§ **Problem statement**: The whole listing that follows is to be restated word for word, images excluded.

§ **Information supplied**:
────────────────

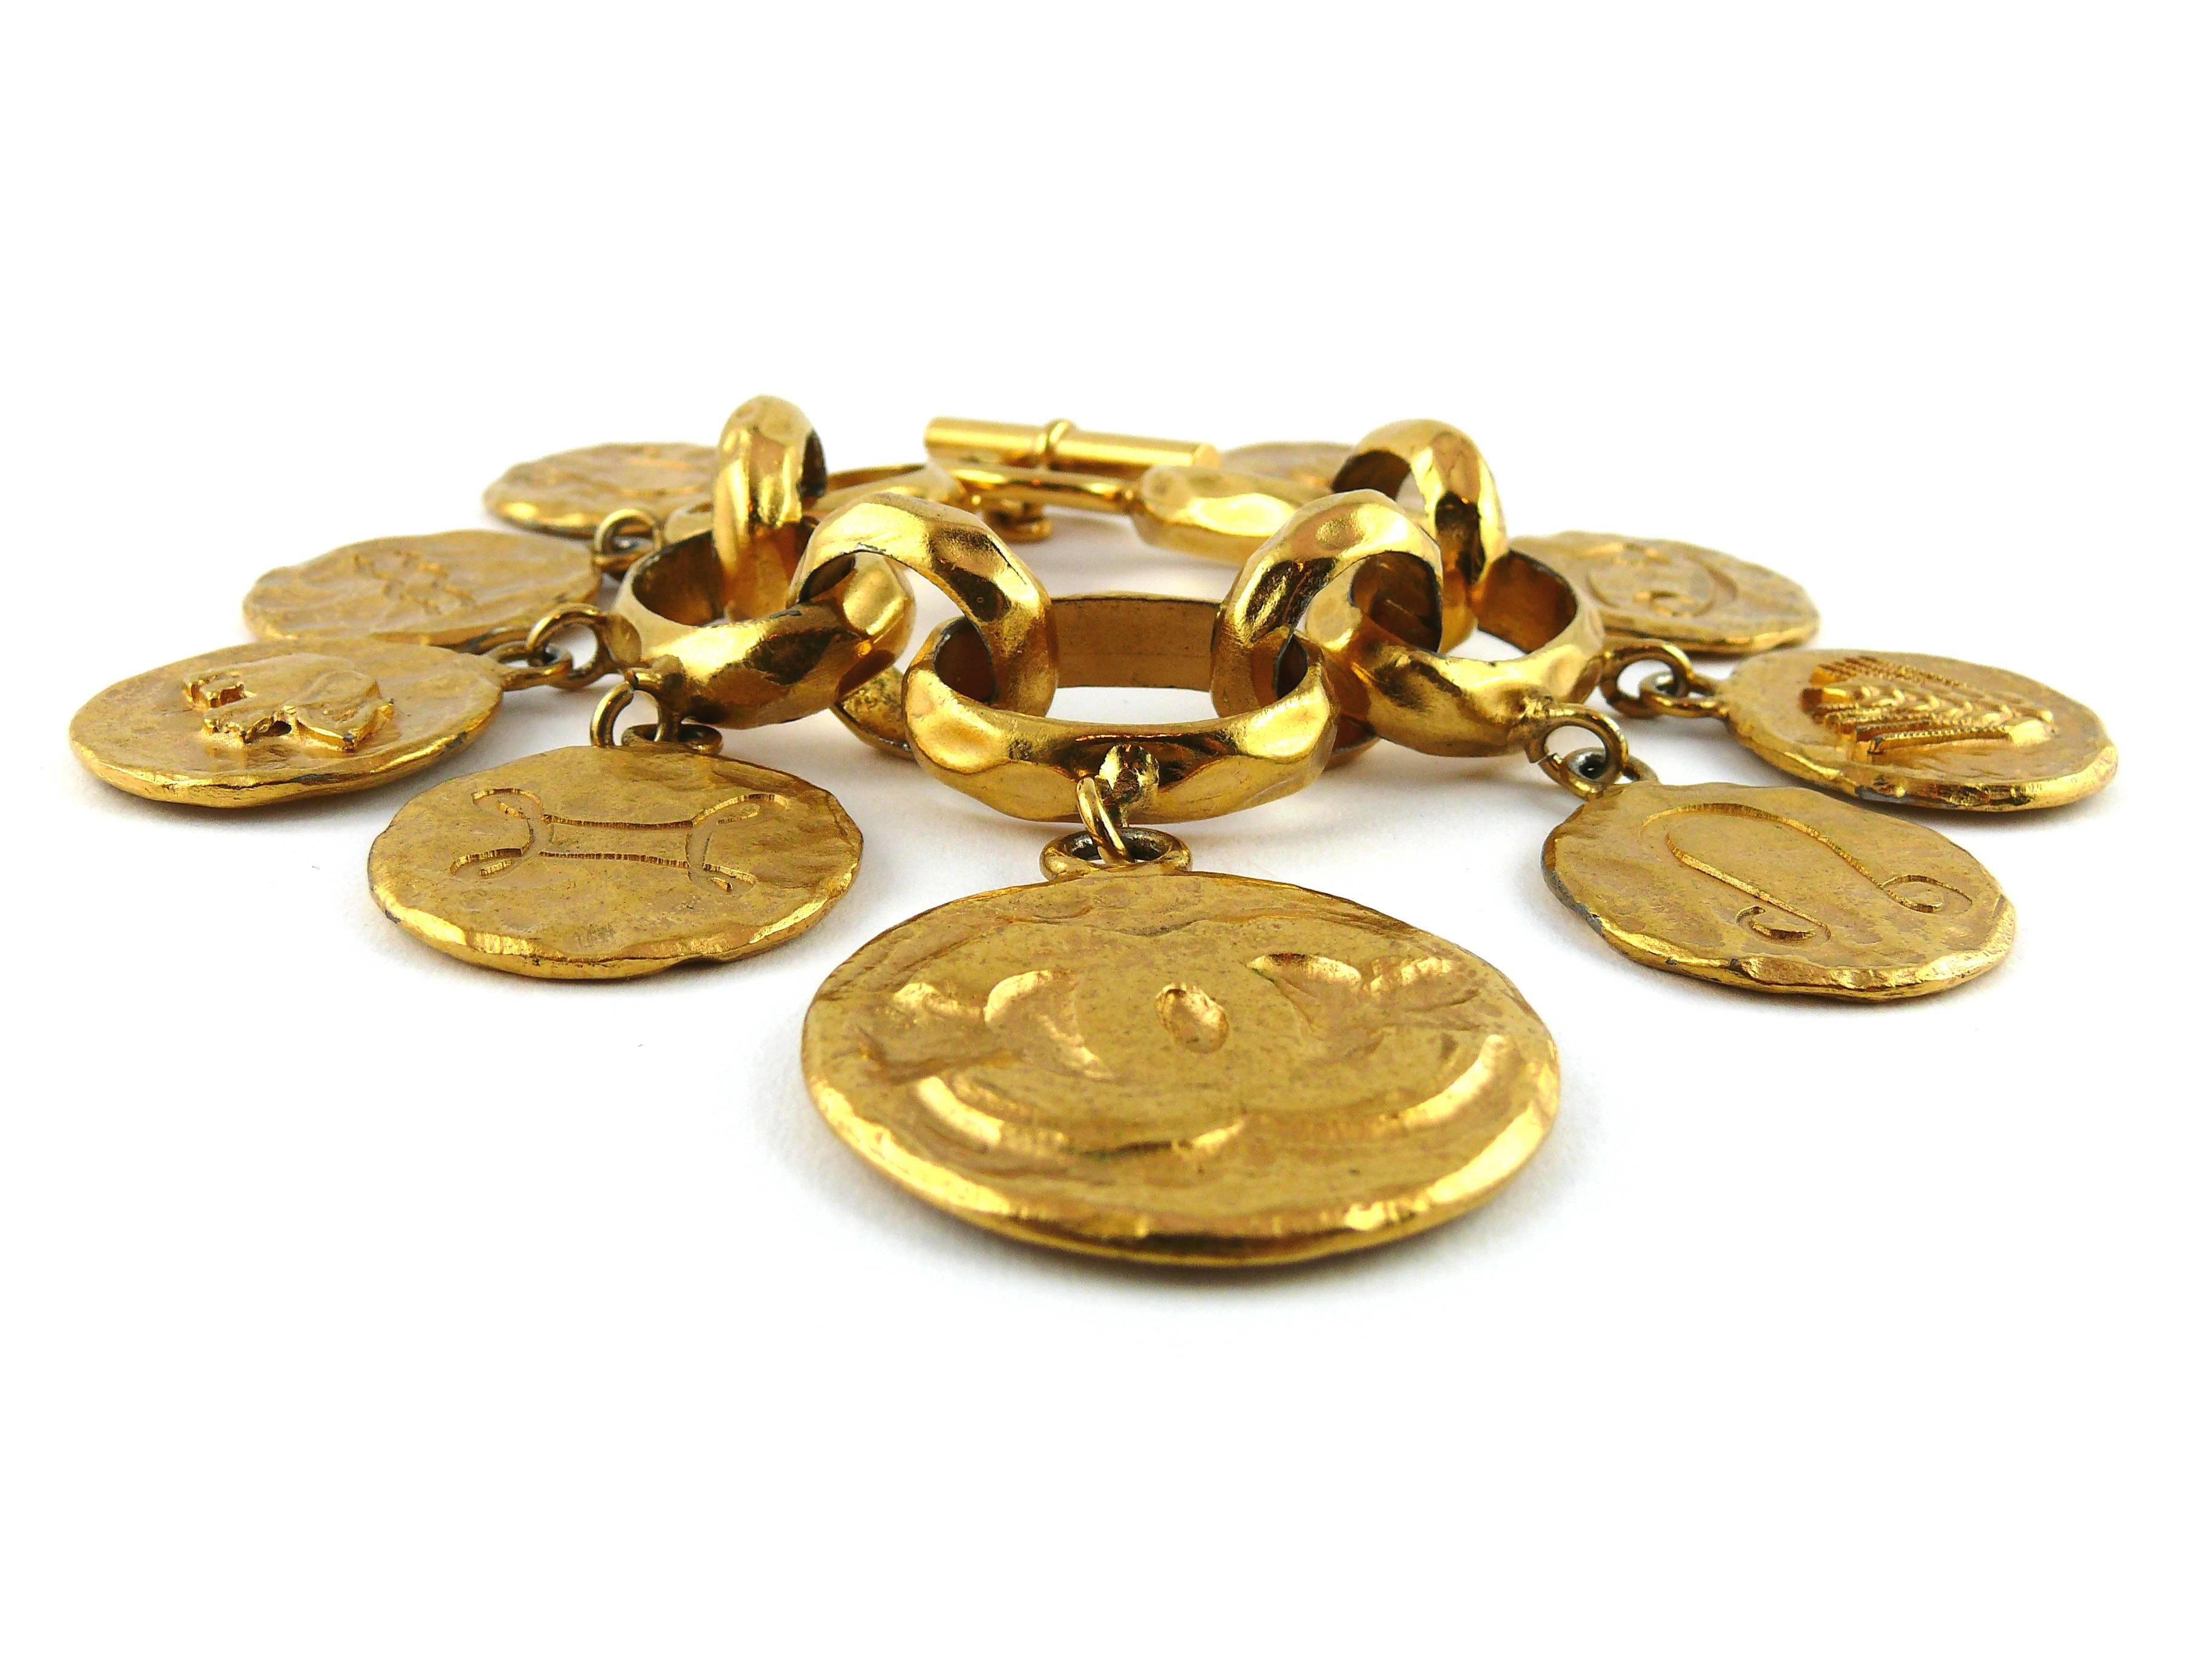 CHANEL vintage rare gold plated charm bracelet featuring 9 large coins and chunky hammered oval shaped links.

Charms feature zodiac signs, Coco Chanel profile, wheat, interlocking CC insigna, elephant.

T-bar and ring closure.

Has some

────────────────

§ **Written solution**:
 CHANEL vintage rare gold plated charm bracelet featuring 9 large coins and chunky hammered oval shaped links.

Charms feature zodiac signs, Coco Chanel profile, wheat, interlocking CC insigna, elephant.

T-bar and ring closure.

Has some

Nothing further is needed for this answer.